CUD-Traffic-AI / README.md
rajvivan's picture
Update README.md
cbc3062 verified
metadata
title: CUD Traffic AI
emoji: 🚦
colorFrom: yellow
colorTo: red
sdk: docker
app_port: 7860
pinned: false

CUD - AAI - Midterm Project - Traffic Incident Summarization

This repo compares extractive and abstractive summarization methods for traffic incident reports and ships with a polished React + FastAPI demo.

What is included

  • U.S. Accidents ingestion with automatic Kaggle download support
  • GCC regional track with bundled Dubai, Abu Dhabi, and UAE federal sample datasets
  • Rule-based GCC narrative generation so structured GCC records become natural-language incident reports
  • Baselines: Lead-1 and TextRank
  • Abstractive models: BART, Flan-T5, optional PEGASUS
  • Evaluation pipeline, notebooks, LaTeX paper draft, poster content, and a demo UI

GCC data note

The repo now includes official source references for Dubai Pulse, Abu Dhabi Open Data, and UAE federal traffic statistics, along with normalized bundled sample files so the project runs immediately offline. This is the practical compromise because public GCC portals often expose structured records, JavaScript-only dashboards, or gated exports rather than ready-to-bundle narrative text.

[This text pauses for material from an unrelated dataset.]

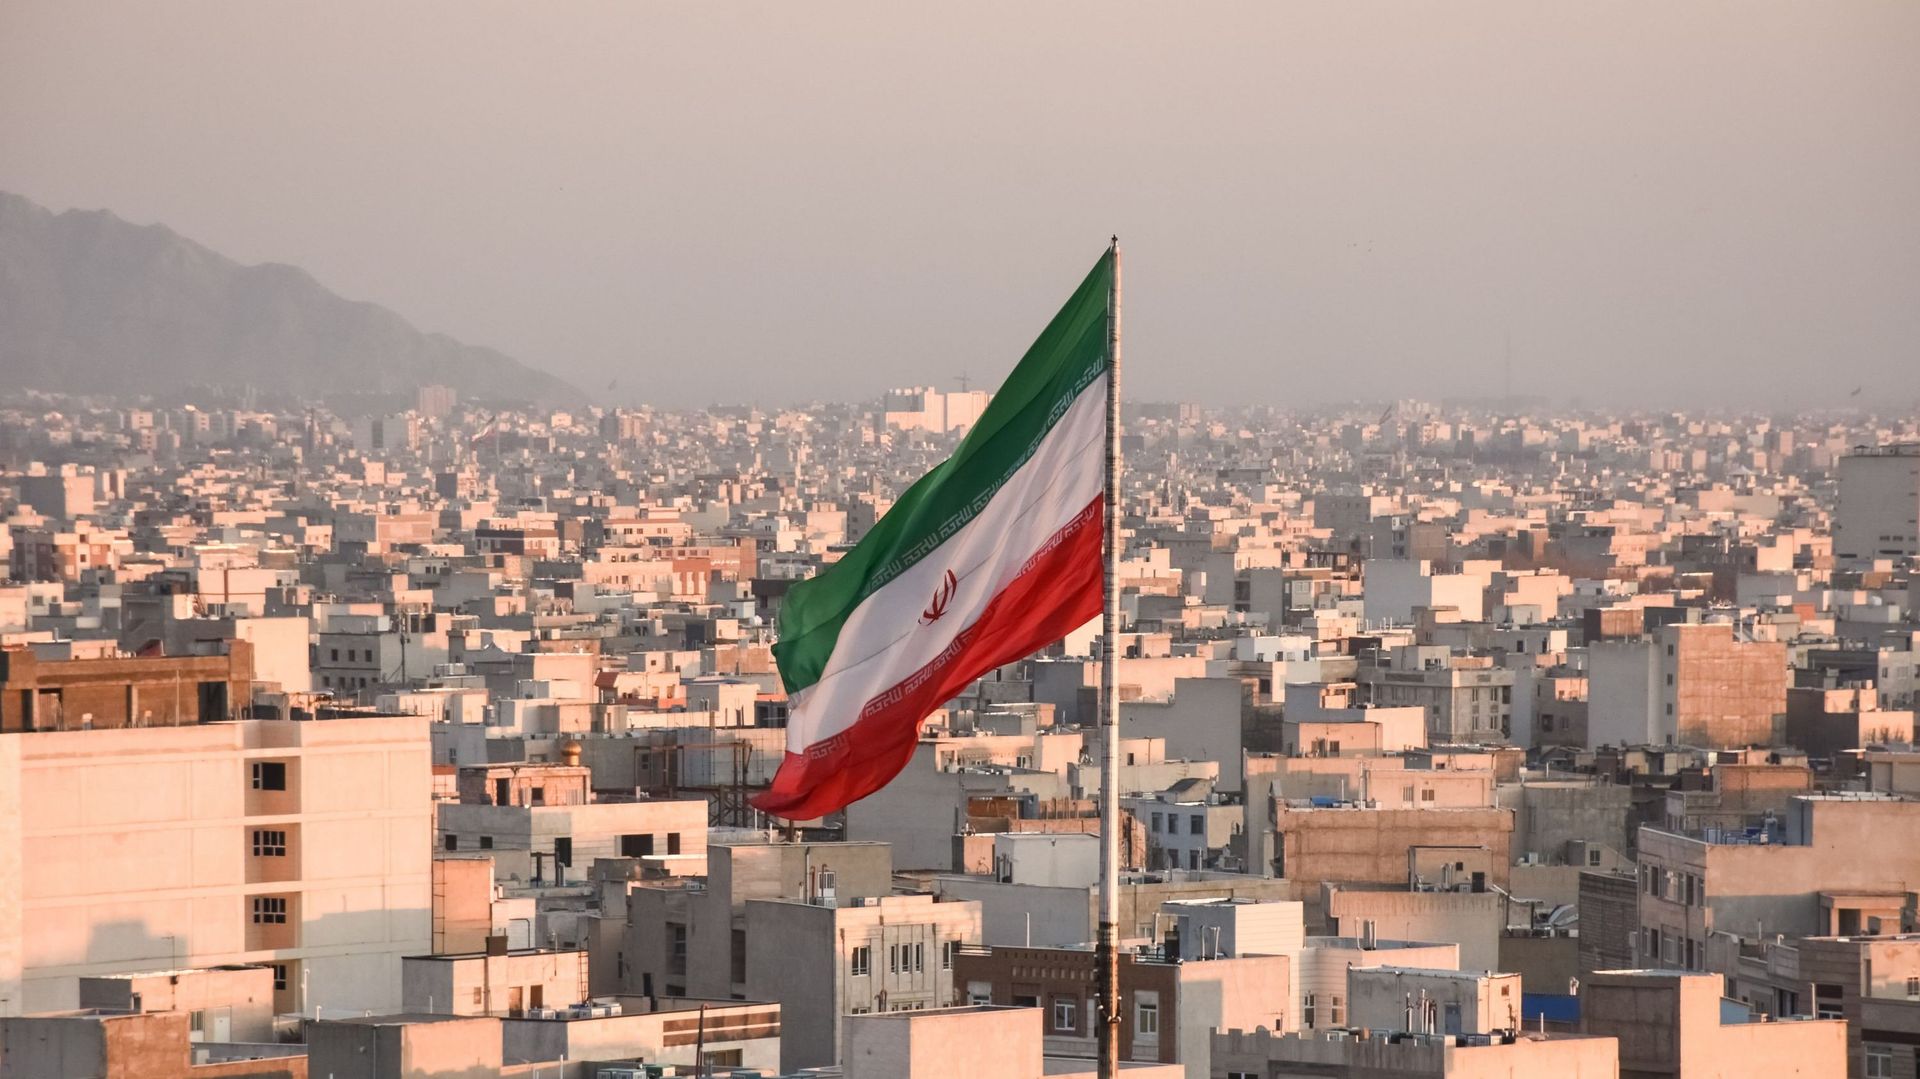 Iranian flag waving with city skyline on background in Tehran, Iran

In the paper, describe the GCC track like this:

Structured GCC traffic records were normalized into a common schema and converted into operator-style narrative incident descriptions using a rule-based text generator. Official source references were retained for provenance, while bundled sample extracts were used to make the demo reproducible offline.

Quick start

1. Python environment

python -m venv .venv
source .venv/bin/activate
pip install -r requirements.txt

2. Prepare data

python -m src.cli.run_prepare --source both

Behavior:

  • If data/raw/US_Accidents_March23.csv is missing, the script attempts Kaggle download.
  • GCC sample sources are already bundled.
  • A combined corpus is written to data/interim/combined_incident_corpus.csv.

3. Start backend

uvicorn backend.main:app --reload --port 8000

4. Start frontend

cd frontend
npm install
npm run dev

Demo features

  • Beautiful hero dashboard for screenshots
  • Dataset track toggle: US or GCC
  • Sample incident picker
  • Summarize and compare endpoints
  • Copy and download summary cards
  • Batch CSV upload preview

Important paths

  • data/raw/gcc/source_manifest.csv
  • data/interim/gcc_narratives.csv
  • docs/paper/main.tex
  • docs/poster/poster_content.md